How I learned to stop worrying about being fastest and love microbenchmarks

If you believe that the developers of the ecosystem are users of Julia then we agree. I only meant some users - the developers of the algorithms.

It depends on what their goal is. If it’s to publish a proof of concept algorithm, I agree. But if it’s to produce something that other users want to use, then it would need to have some benefits over the alternatives. Performance is a common one.
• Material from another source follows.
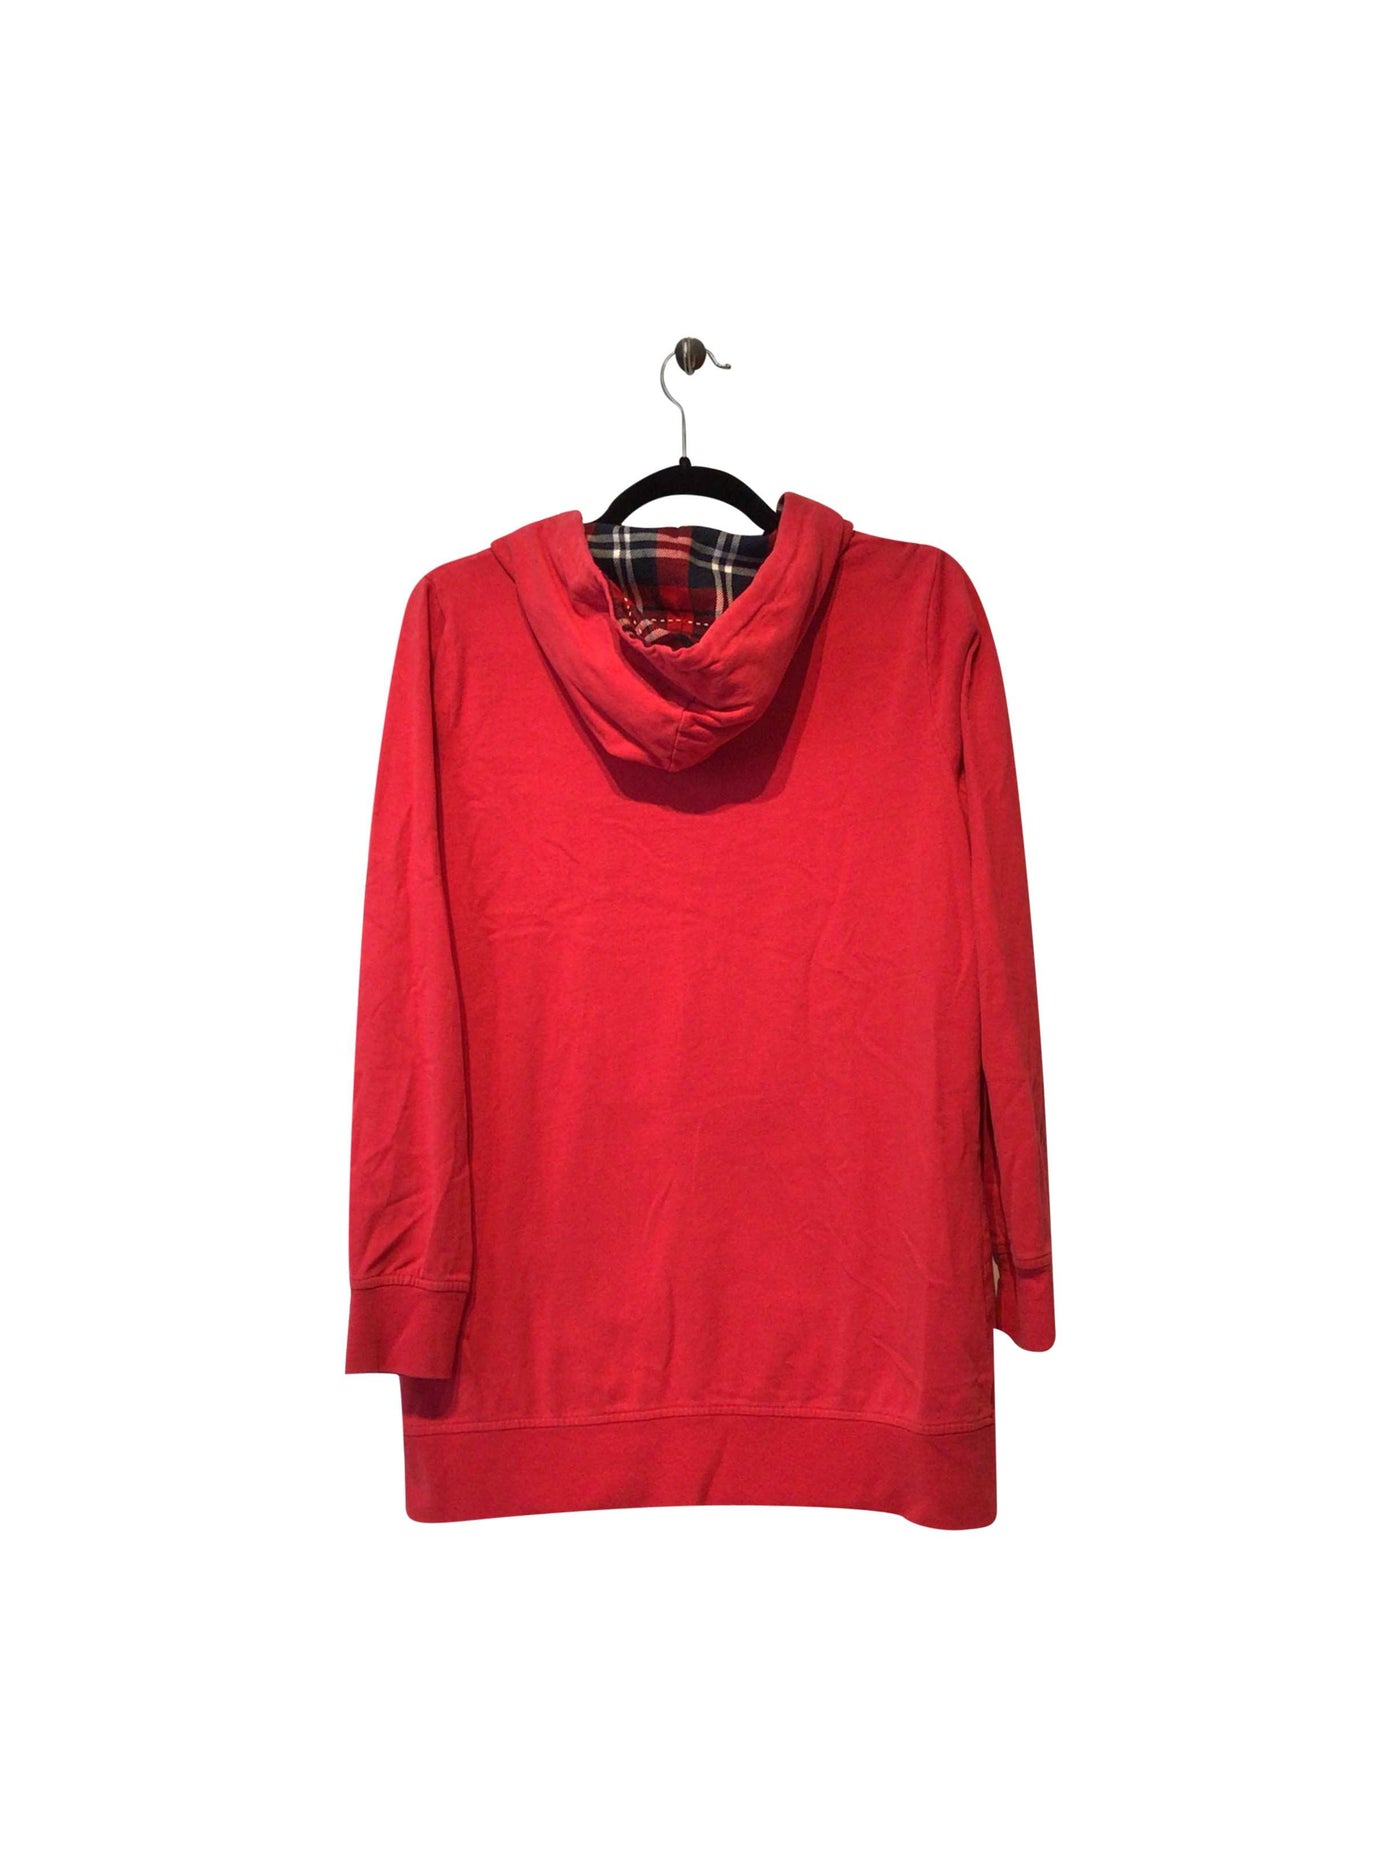 BOSSINI Regular fit Sweatshirt in Red  -  L  6.99 Koop

And I’ve used Julia enough to have reached the conclusion that you do need to be well versed in the language to write performant code.

2 Likes

Having looked more into it, I’m pretty sure it’s not possible to express the x86 intrinsic vpshufb using LLVM. There are two important aspects to vpshufb which is not preserved in LLVM’s shufflevector:

  • The mask vector for shufflevector must be a constant, whereas in my algorithm I need it to be a runtime value (in my algorithm, the mask is the input value and the “arguments” are compile time constants)
  • In vpshufb, if the top bit of a byte in the mask is set, the resulting output element will be zero. This is not the semantics of shufflevector, but that property is needed for a subset of the functionality in ScanByte.jl.
1 Like

That’s a pity :frowning:

It seems I was too optimistic on that, sorry.

Unfortunate that llvm doesn’t offer the language to describe your algorithm in a way that could also compile on e.g. arm.